The tougher question is not whether petrelintide works, but what role it can realistically play. Petrelintide belongs to the amylin class, an approach many drugmakers view as promising either as a standalone alternative to GLP-1 drugs or as a combination partner. Zealand and Roche are leaning heavily on the first part of that argument: tolerability. In their release, the companies said petrelintide showed “placebo-like” tolerability, with discontinuation rates due to adverse events of 4.8% in the maximally effective arm versus 4.9% for placebo. They also said there were no vomiting cases and no GI-related discontinuations at that dose.

That safety profile is the main reason the asset still matters. Gastrointestinal side effects remain one of the biggest limitations of current obesity medicines, and Zealand is clearly trying to position petrelintide as a more manageable long-term option for patients who struggle with GLP-1-based treatments. The company also reported that rates of diarrhea and constipation stayed in the single digits, nausea was mostly mild, and no unexpected safety signals emerged, including for alopecia or neuropsychiatric events.

Still, investors appear unconvinced that tolerability alone will be enough. Analysts quoted in industry coverage described the dataset as lacking differentiation, particularly because rival amylin programs are also showing favorable tolerability. Eli Lilly, for example, said in November that its amylin agonist eloralintide delivered up to 20.1% weight loss at 48 weeksin a phase 2 trial and was moving toward phase 3, setting a far higher efficacy bar for the class.

That creates a commercial problem for Roche and Zealand. In obesity, physicians may eventually use a broader menu of therapies tailored to different patient profiles. But when heavyweight competitors such as Lilly and Novo Nordisk are pushing efficacy higher and higher, any new entrant needs a clearer story than “less potent, but easier to tolerate.” Cross-trial comparisons are imperfect, but they are unavoidable in this market, and right now those comparisons are not flattering to petrelintide.

Why the result matters for Roche

The result is especially important for Roche because the Swiss group has spent heavily to buy its way into obesity after arriving later than the first wave of winners. In 2025, Roche signed a deal with Zealand worth up to $5.3 billion for petrelintide, including $1.65 billion upfront. Under that alliance, the companies are co-developing and co-commercializing petrelintide and also plan to combine it with Roche’s dual GLP-1/GIP candidate CT-388.

Petrelintide is only one part of that broader strategy. Roche’s CT-388, obtained through the $2.7bn acquisition of Carmot Therapeutics, posted 22.5% average weight loss at 48 weeks in a phase 2 trial announced in January, though investors were still left debating how competitive the profile really is versus the market leaders. Roche is now trying to build a portfolio rather than bet on a single mechanism, and petrelintide may ultimately matter more as a combination component than as a best-in-class monotherapy. 

That possibility is already shaping the next steps. Roche and Zealand said the ZUPREME-1 data will inform phase 3 design, with phase 3 initiation expected later this year. A second monotherapy study, ZUPREME-2, in overweight or obesity with type 2 diabetes is due to produce topline data in the second half of 2026. The partners also plan to start a phase 2 trial of petrelintide combined with CT-388 later this year, a study that may prove more important strategically than this monotherapy readout.

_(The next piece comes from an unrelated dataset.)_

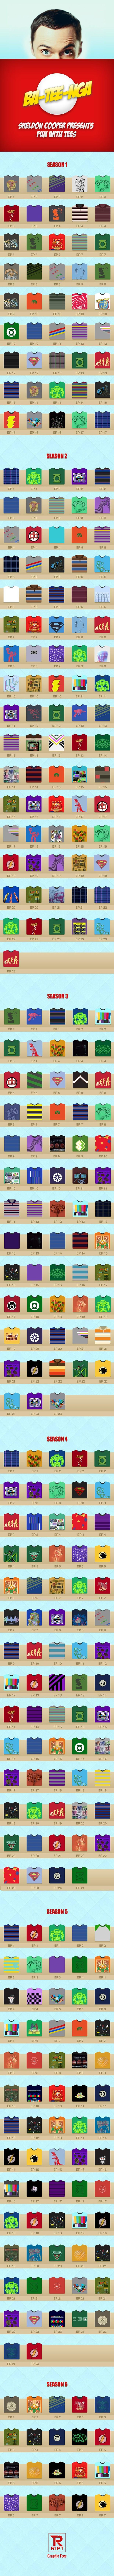 Vamers - FYI - TV - Ba-Tee-nga - Every Single T-shirt Worn by Sheldon Cooper Ever
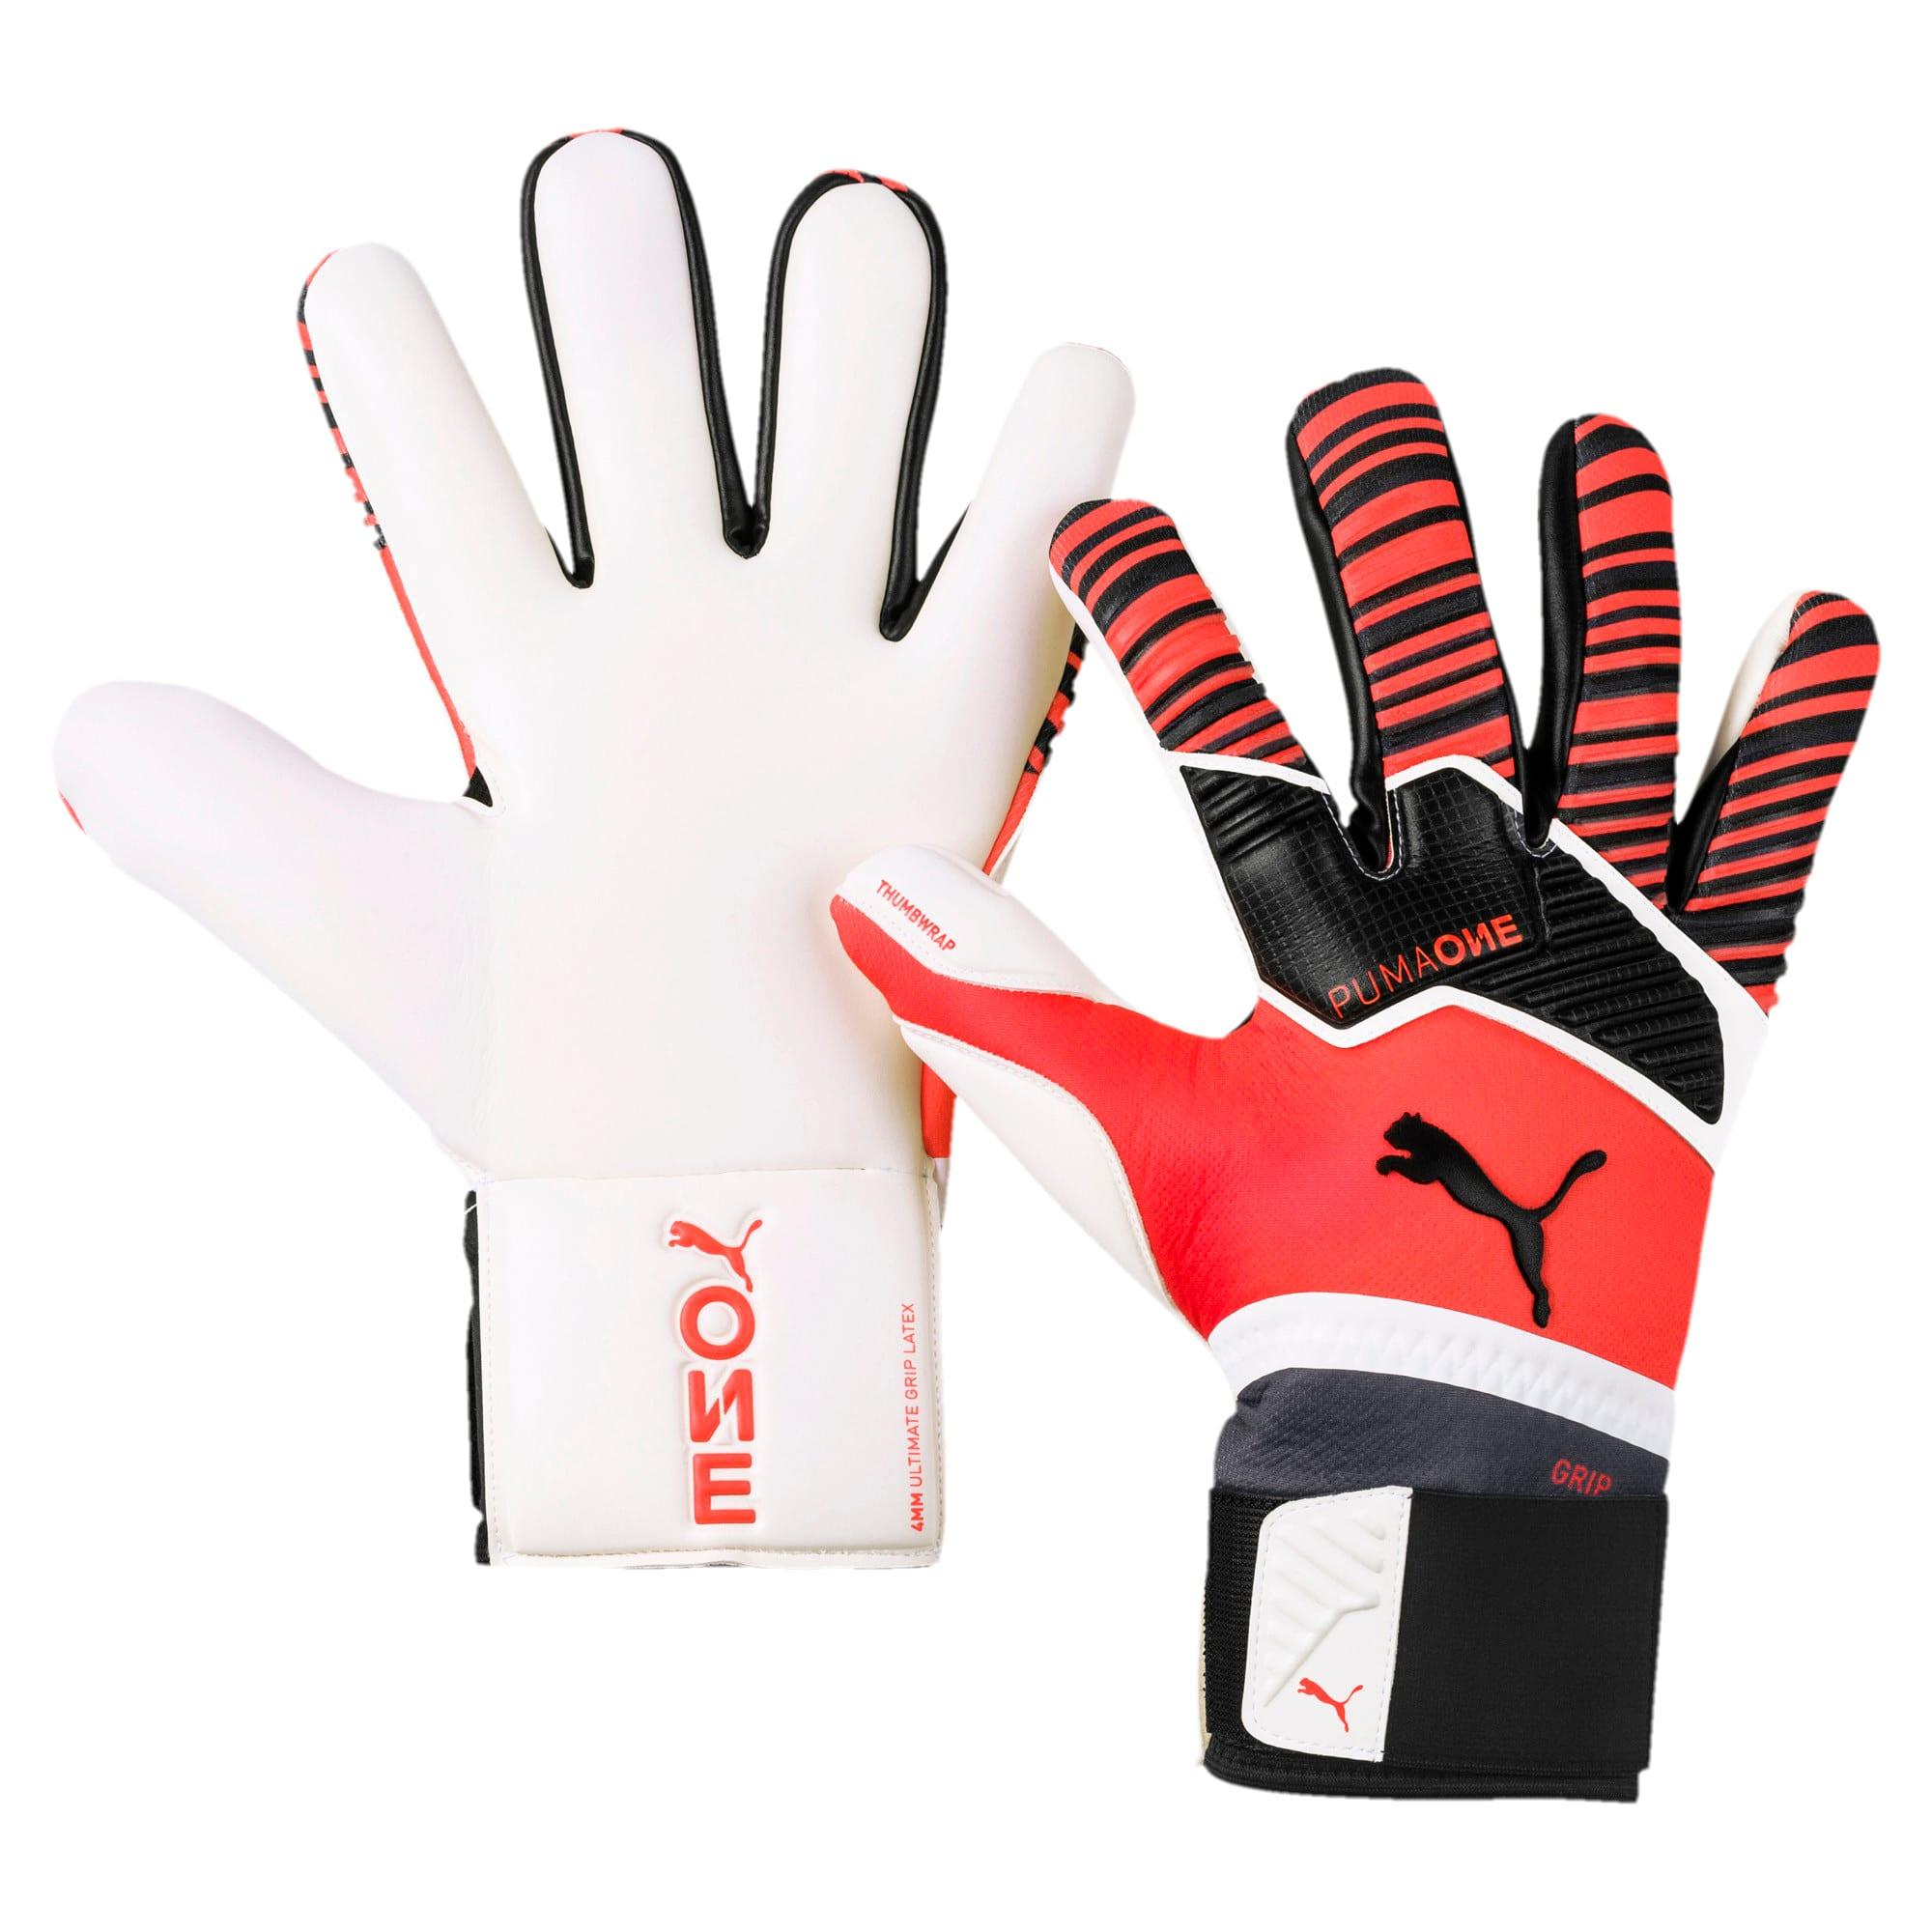 PUMA One Grip 1 Hybrid Pro Goalkeeper Gloves, Nero/Rosso/Bianco, Taglia 7

So the message from the latest data is mixed. Scientifically, Roche and Zealand have a drug that reduced weight, hit its endpoints and appears unusually tolerable. Commercially, however, the bar in obesity has moved so fast that a respectable phase 2 result can still be read as a miss. Unless later datasets show stronger efficacy, petrelintide may find its place not as a category-defining obesity medicine, but as a more niche option for patients prioritizing tolerability or as a building block in combination regimens.